* Task statement *
Repeat the listing exactly as given, omitting every image.

* Provided material *

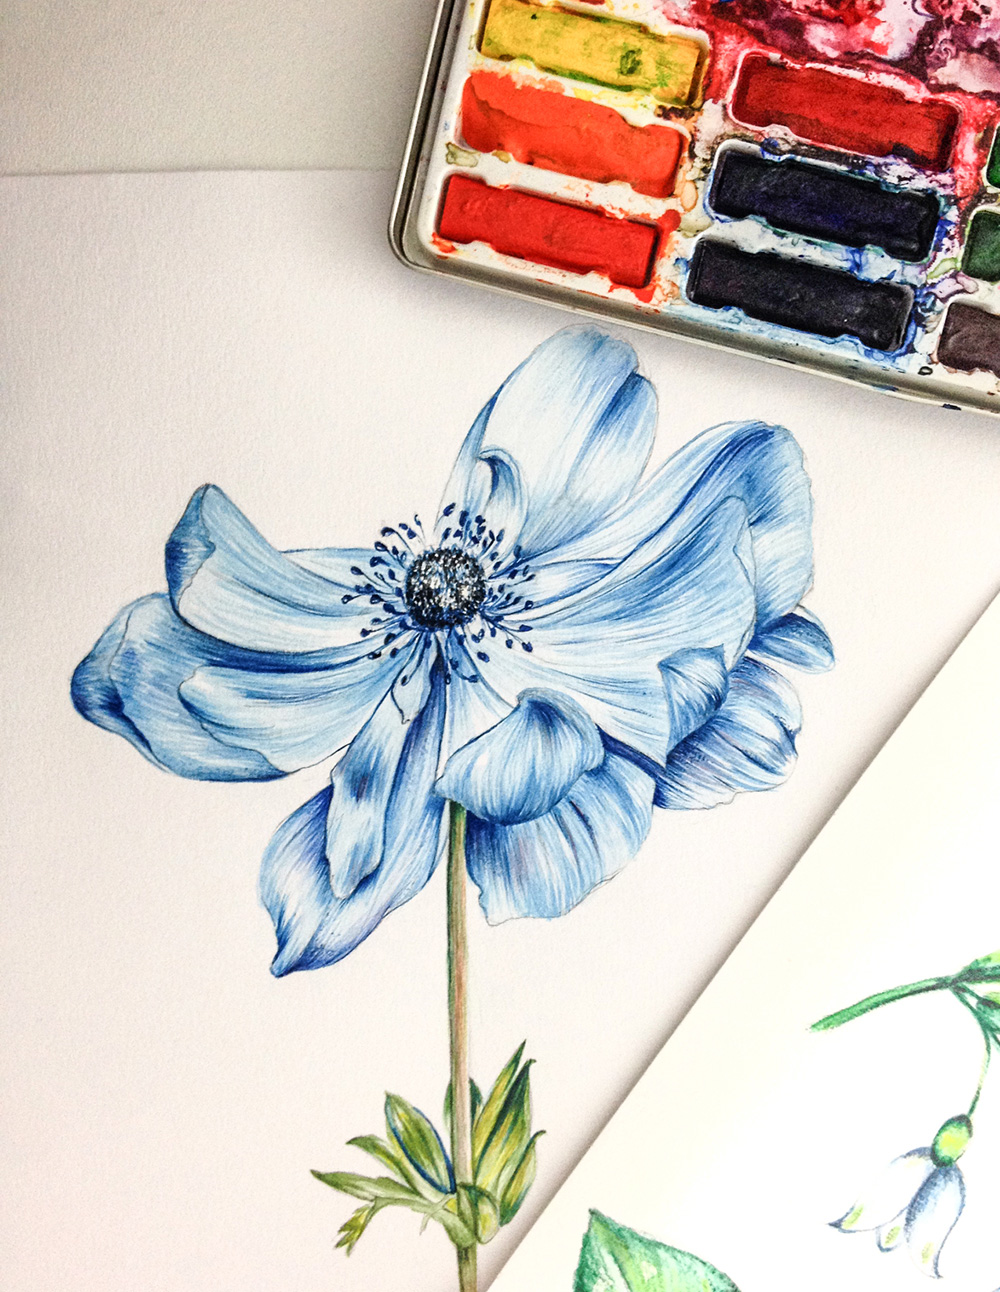 as-encantadoras-ilustracoes-de-ketlin-dafne-elainspira-4
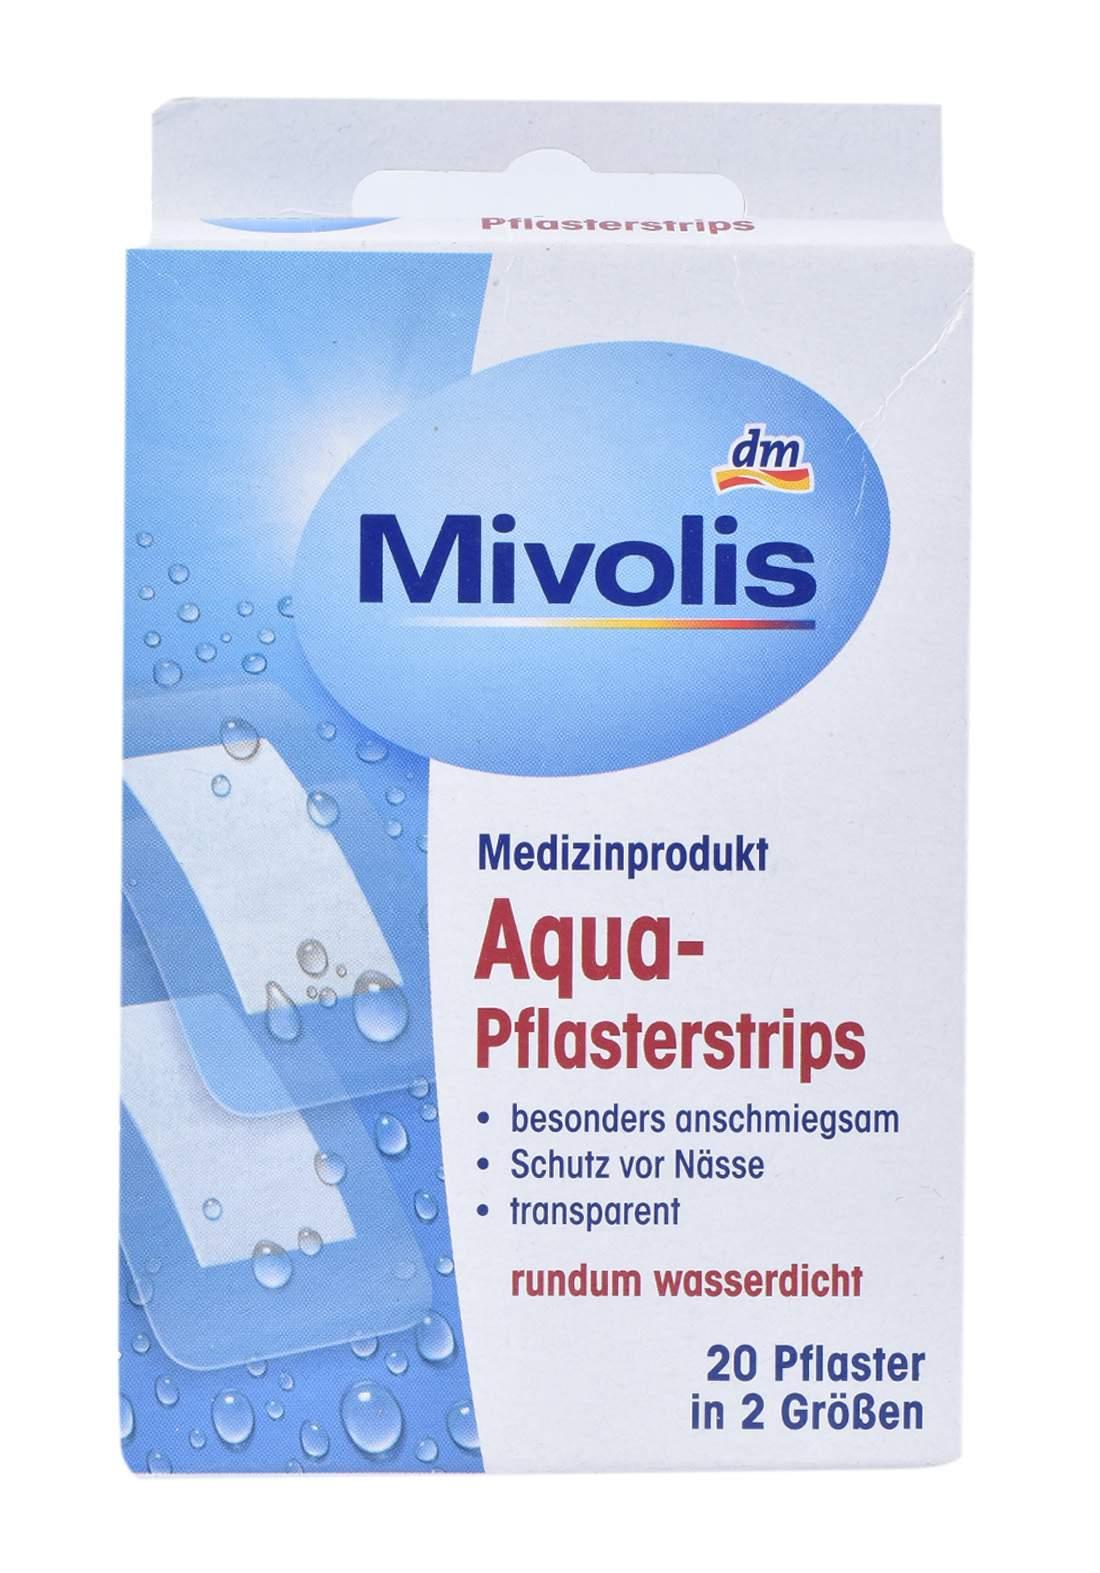 Mivolis Waterproof Patches Aqua Transparent 20 Pcs لصقات جروح مضادة للماء
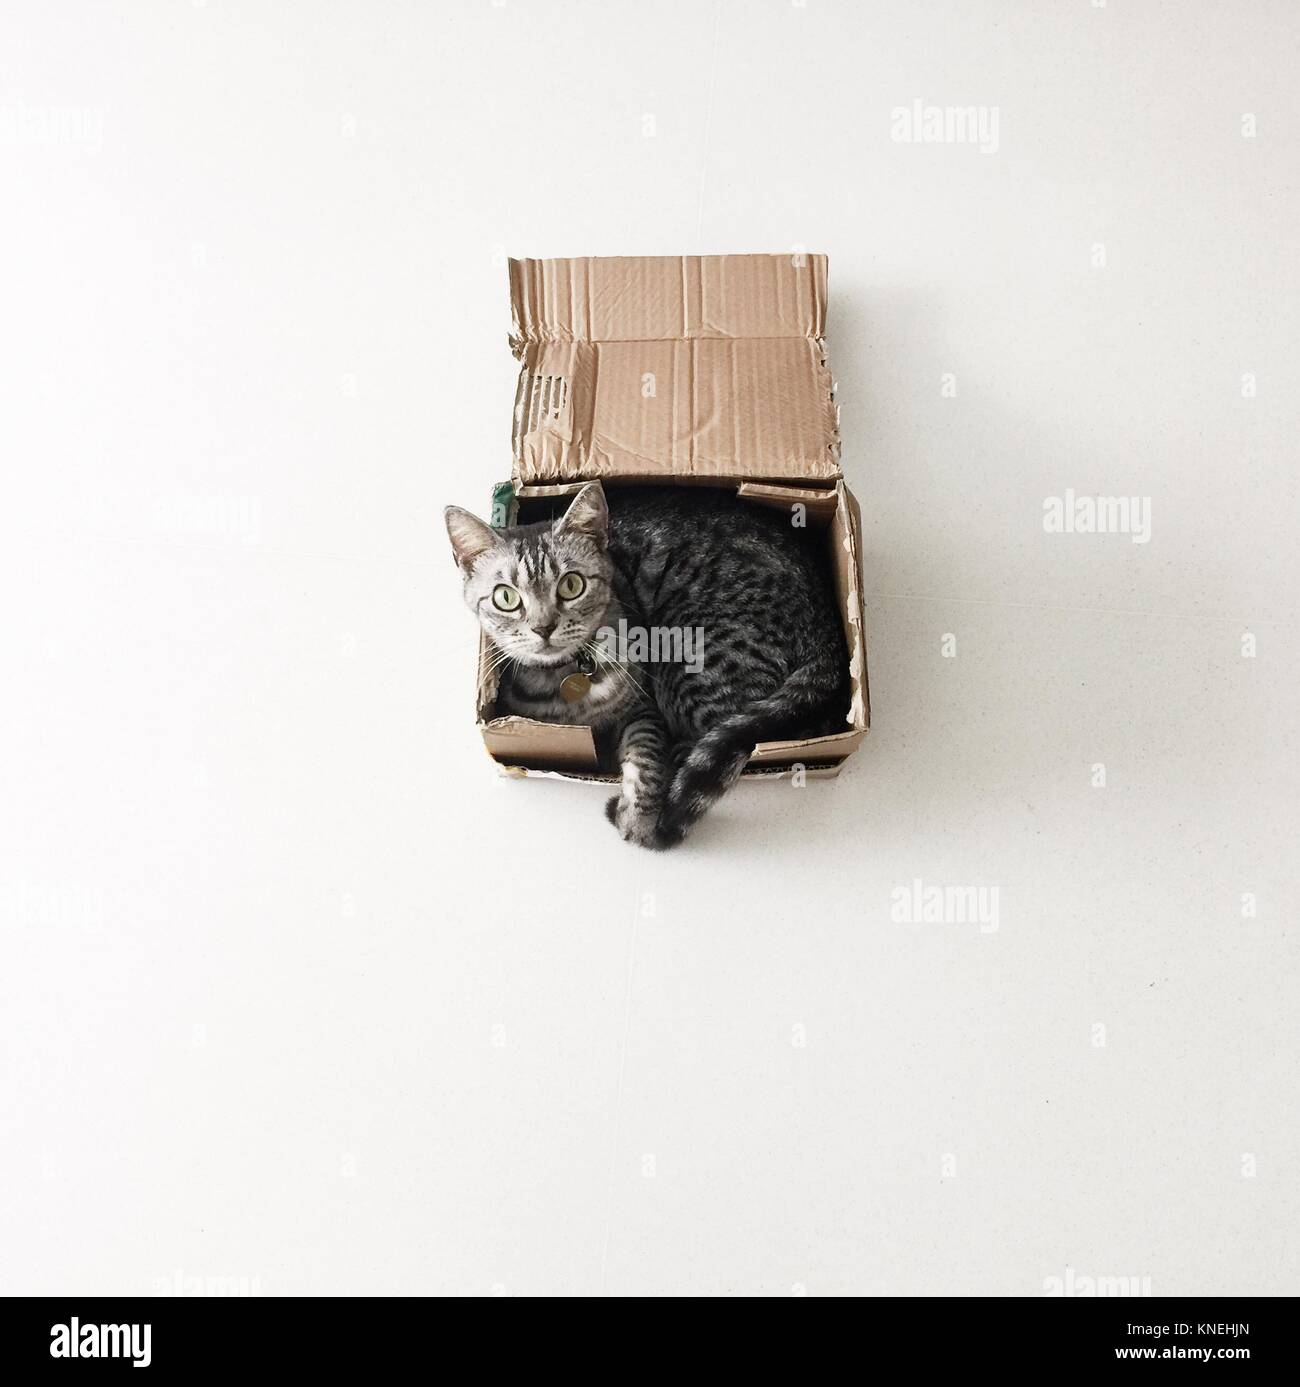 American shorthair cat lying in a cardboard box Stock Photo
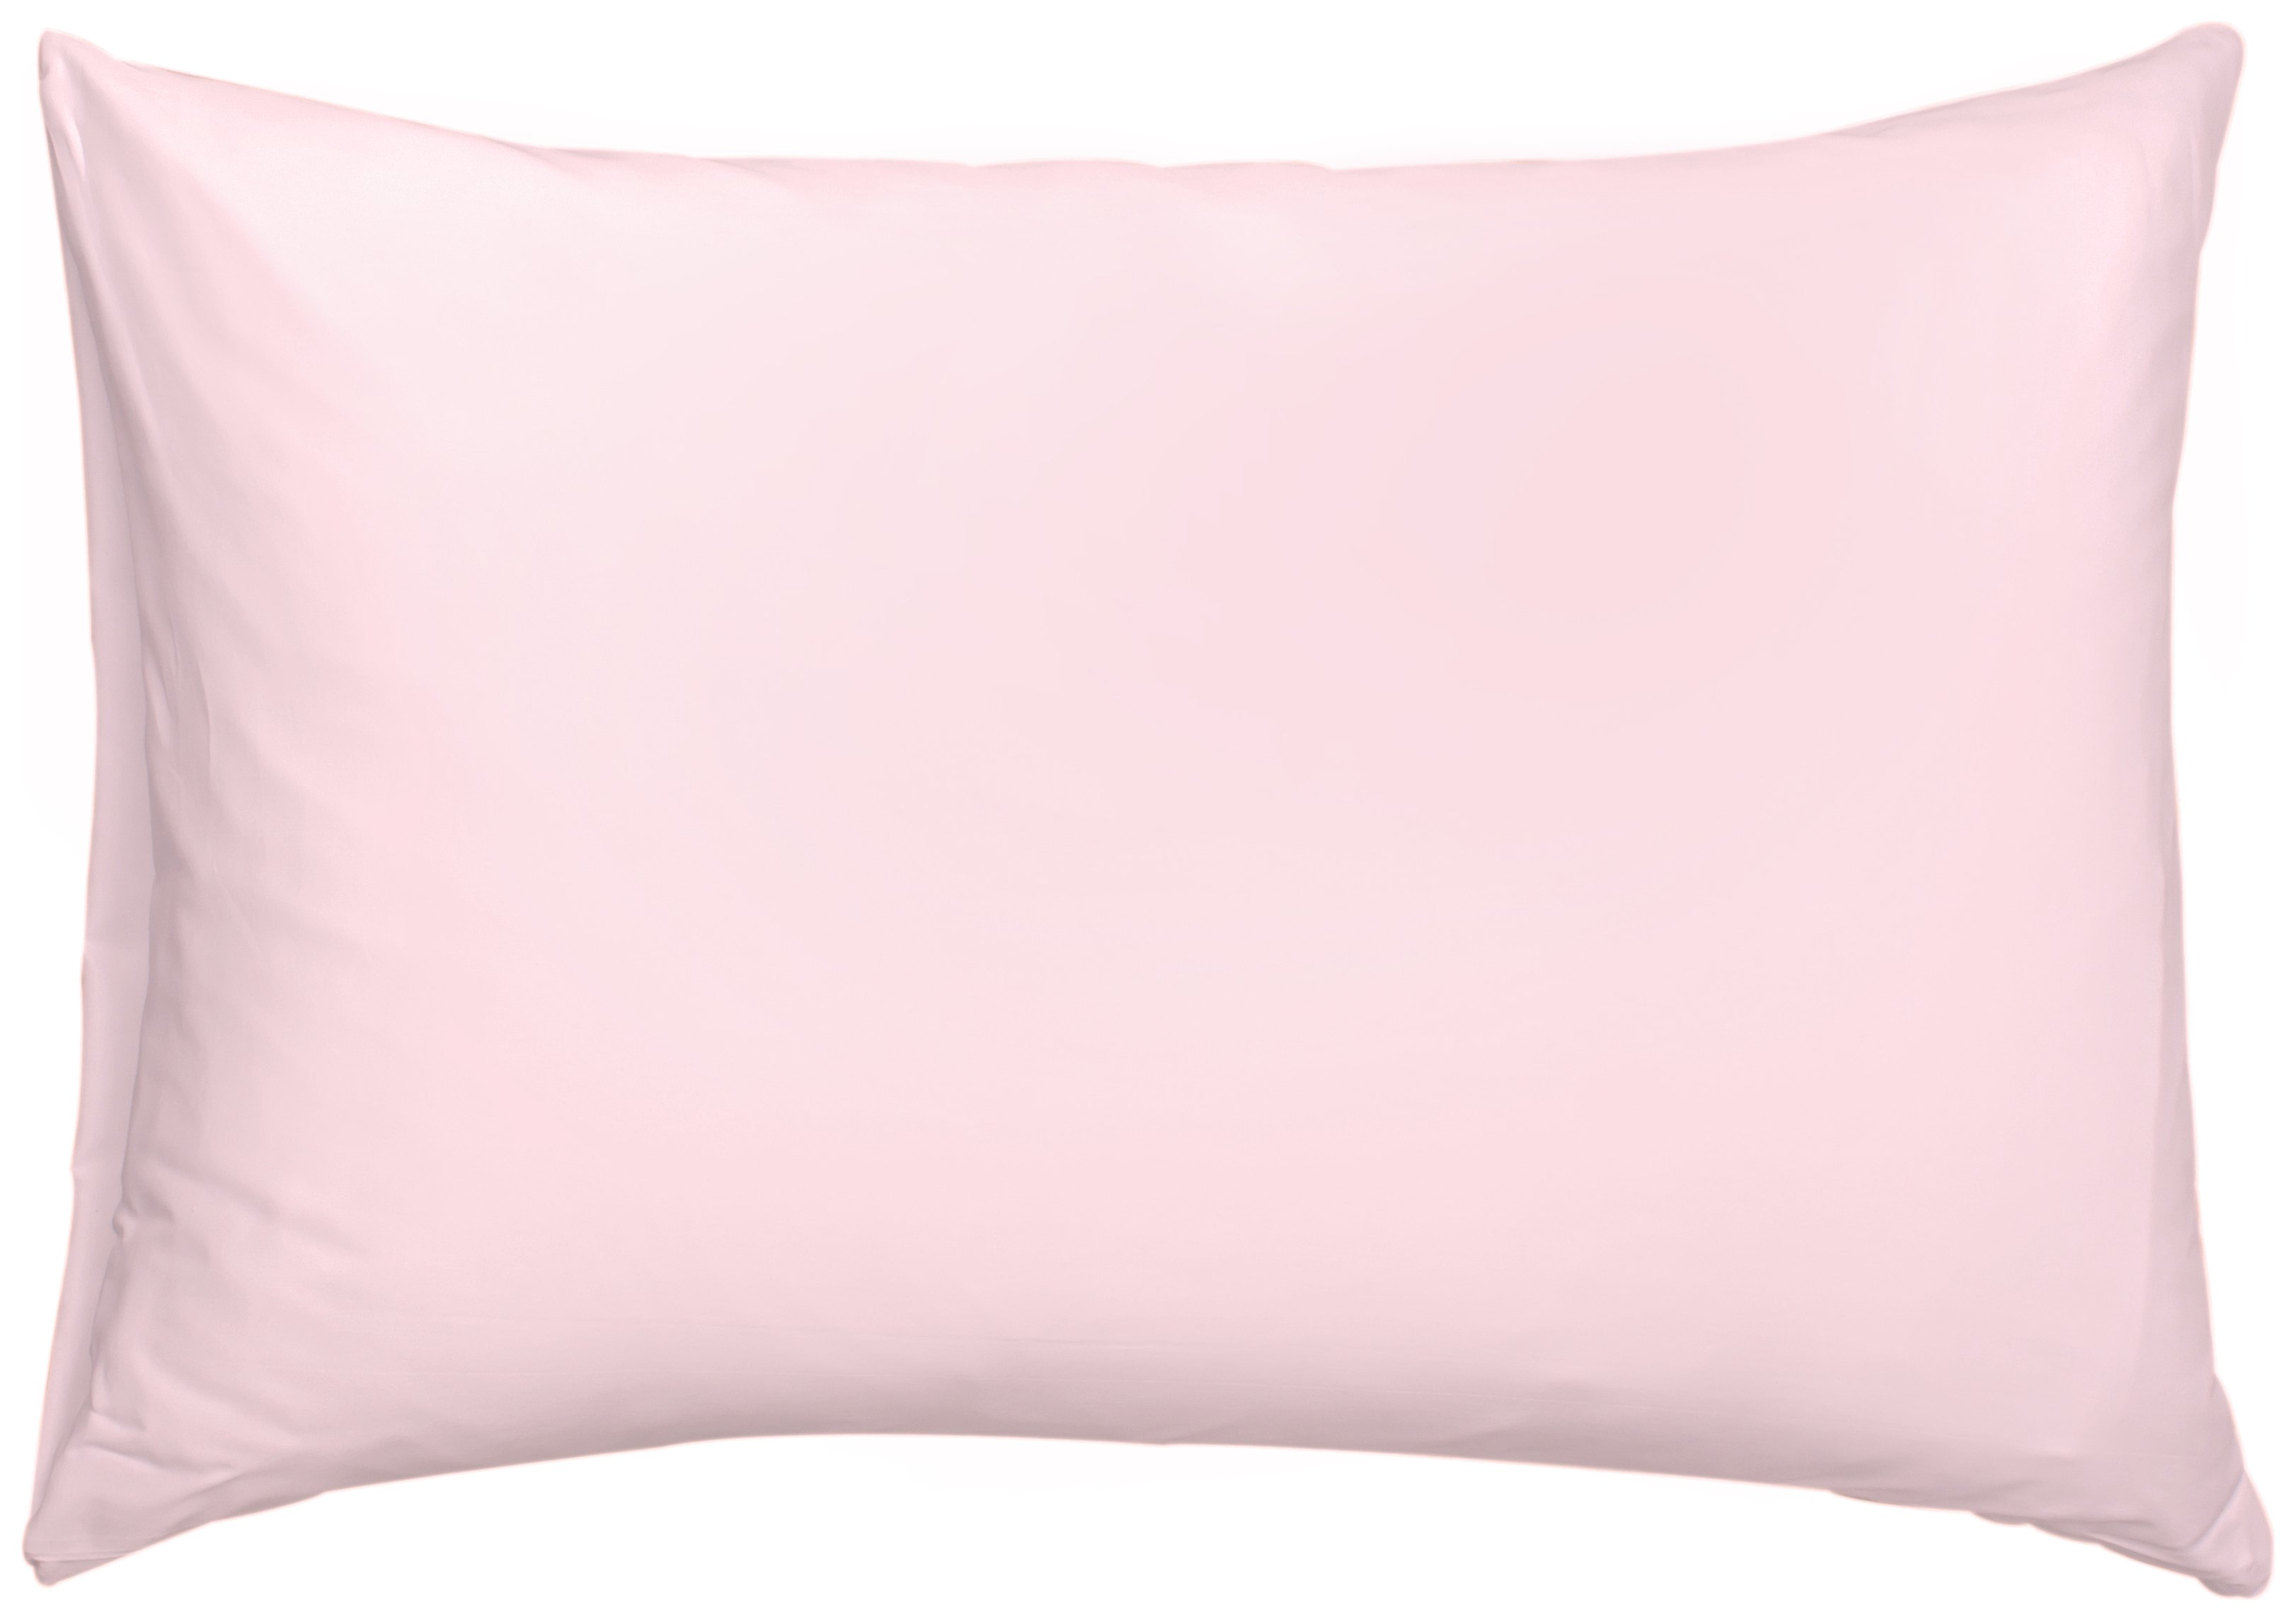 downland  kingsize pink pillowcases  set of 2

* Exercise output *
 as-encantadoras-ilustracoes-de-ketlin-dafne-elainspira-4
 Mivolis Waterproof Patches Aqua Transparent 20 Pcs لصقات جروح مضادة للماء
 American shorthair cat lying in a cardboard box Stock Photo
 downland  kingsize pink pillowcases  set of 2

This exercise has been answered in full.